Monitor patients closely and adjust dosage according to patient’s tolerance and therapeutic response.

Myxedema Coma

IV

In patients who do not have severe cardiovascular disease, usual initial dose is 200–500 mcg; some clinicians recommend an initial dose of 100–500 mcg. If substantial and progressive improvements have not been achieved, administer 100–300 mcg or greater IV on the second day. Lower daily IV dosages should then be administered as needed until patient’s condition stabilizes and drug can be given orally.

Pituitary TSH Suppression

Individualize dosage based on patient characteristics and nature of the disease.

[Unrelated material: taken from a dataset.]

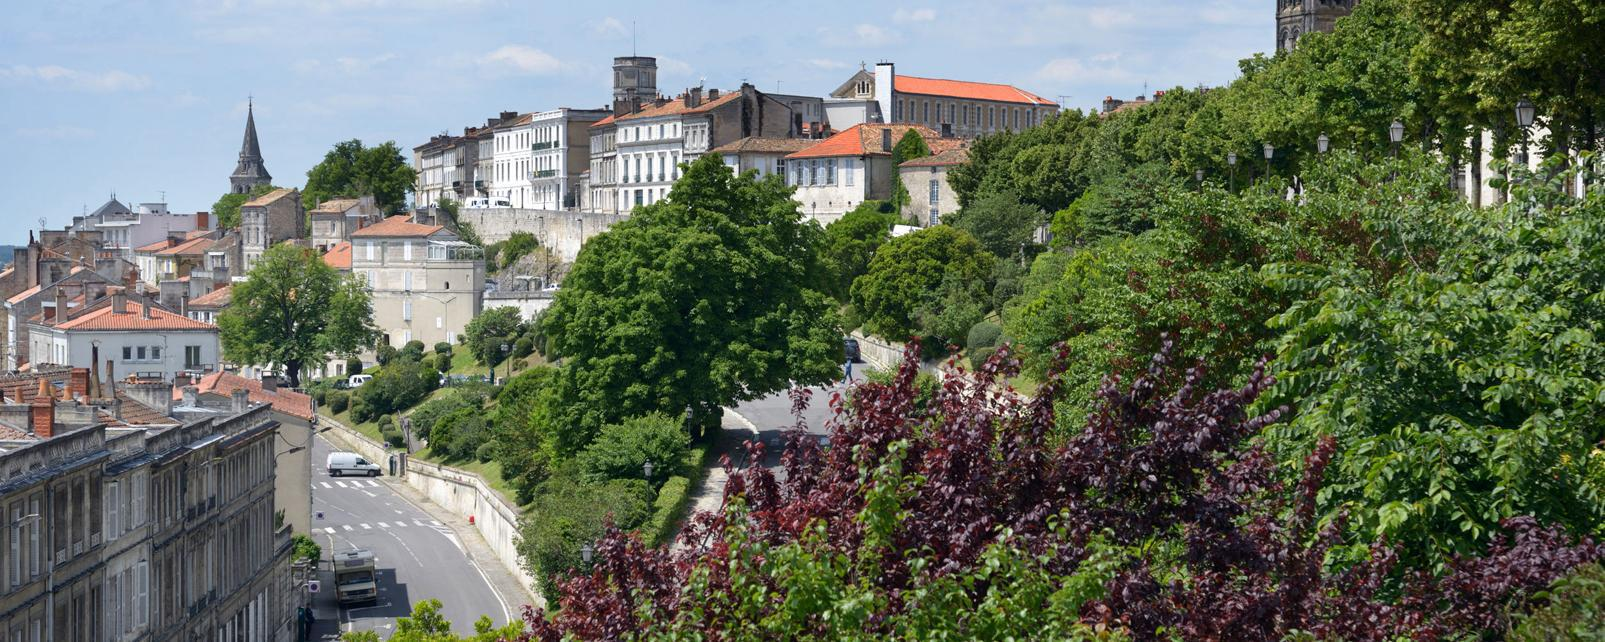 Europe; France; Poitou-Charentes; Angoulême;
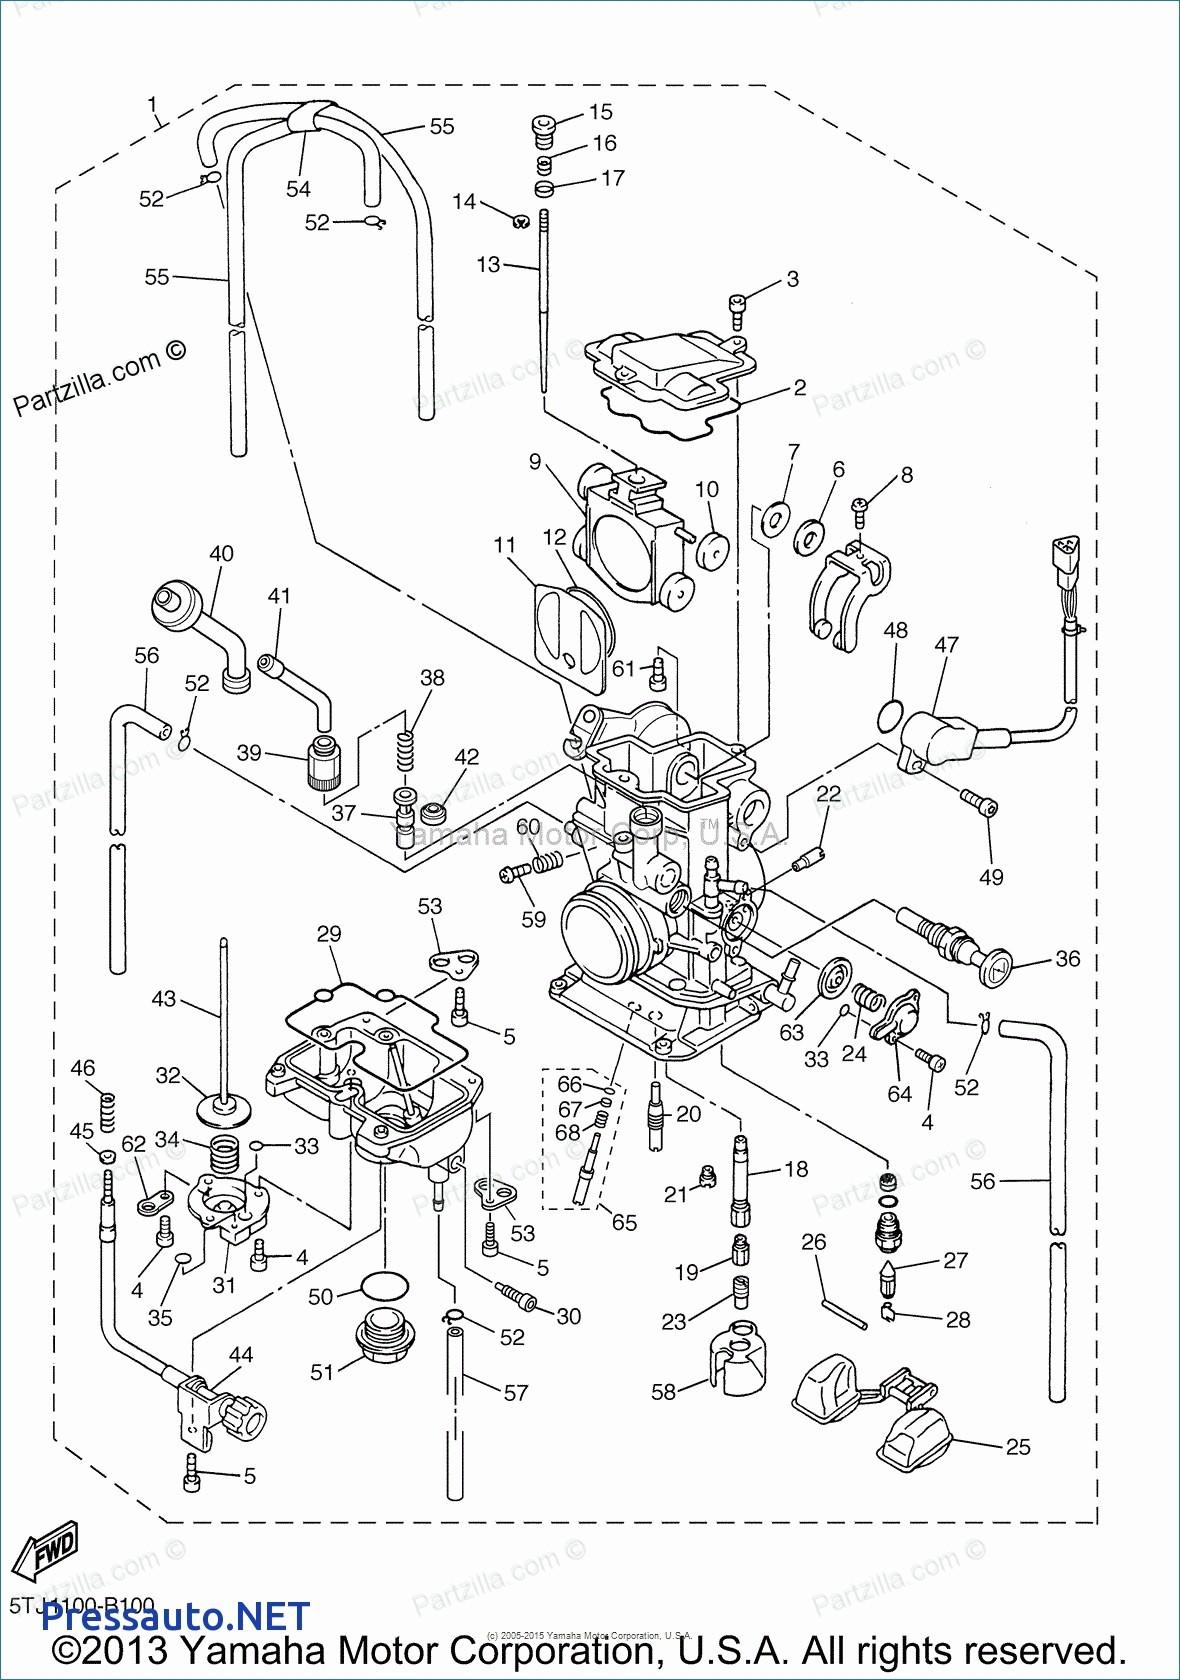 05 Yfz 450 Wiring Diagram

Target level for TSH suppression in management of well-differentiated thyroid cancer and thyroid nodules not established.

Thyroid Cancer
Oral

Dosages >2 mcg/kg daily given as a single dose usually required to suppress TSH concentrations to <0.1 mU/L. In patients with high-risk tumors, target level for TSH suppression may be <0.01 mU/L.

Benign Nodules or Nontoxic Multinodular Goiter
Oral

Suppress TSH concentrations to 0.1–0.5 mU/L for nodules and to 0.5–1 mU/L for multinodular goiter.

Special Populations

Patients with Cardiovascular Disease

Hypothyroidism

Initiate therapy at lower doses than those recommended in patients without cardiovascular disease. For patients <50 years of age with underlying cardiovascular disease, usual initial dosage is 25–50 mcg daily given as a single dose; increase dosage at intervals of 6–8 weeks.

If cardiac symptoms develop or worsen, reduce dosage or withhold therapy for 1 week and then cautiously restart therapy at a lower dose.

Myxedema Coma

IV

If levothyroxine therapy is clinically indicated, smaller initial IV doses may be necessary. Consider risks of adverse cardiovascular effects associated with sudden IV administration of large doses of levothyroxine sodium against risks of withholding therapy.

Geriatric Patients

Hypothyroidism

Initiate therapy at lower doses than those recommended in younger patients.

In geriatric patients with underlying cardiovascular disease, usual initial dosage is 12.5–25 mcg daily; increase dosage by increments of 12.5–25 mcg at intervals of 4–6 weeks until patient becomes euthyroid and serum TSH concentrations return to normal. If cardiac symptoms develop or worsen, reduce dosage or withhold therapy for 1 week and then cautiously restart therapy at a lower dose.

Myxedema Coma

Reduced initial dose may be appropriate in geriatric patients.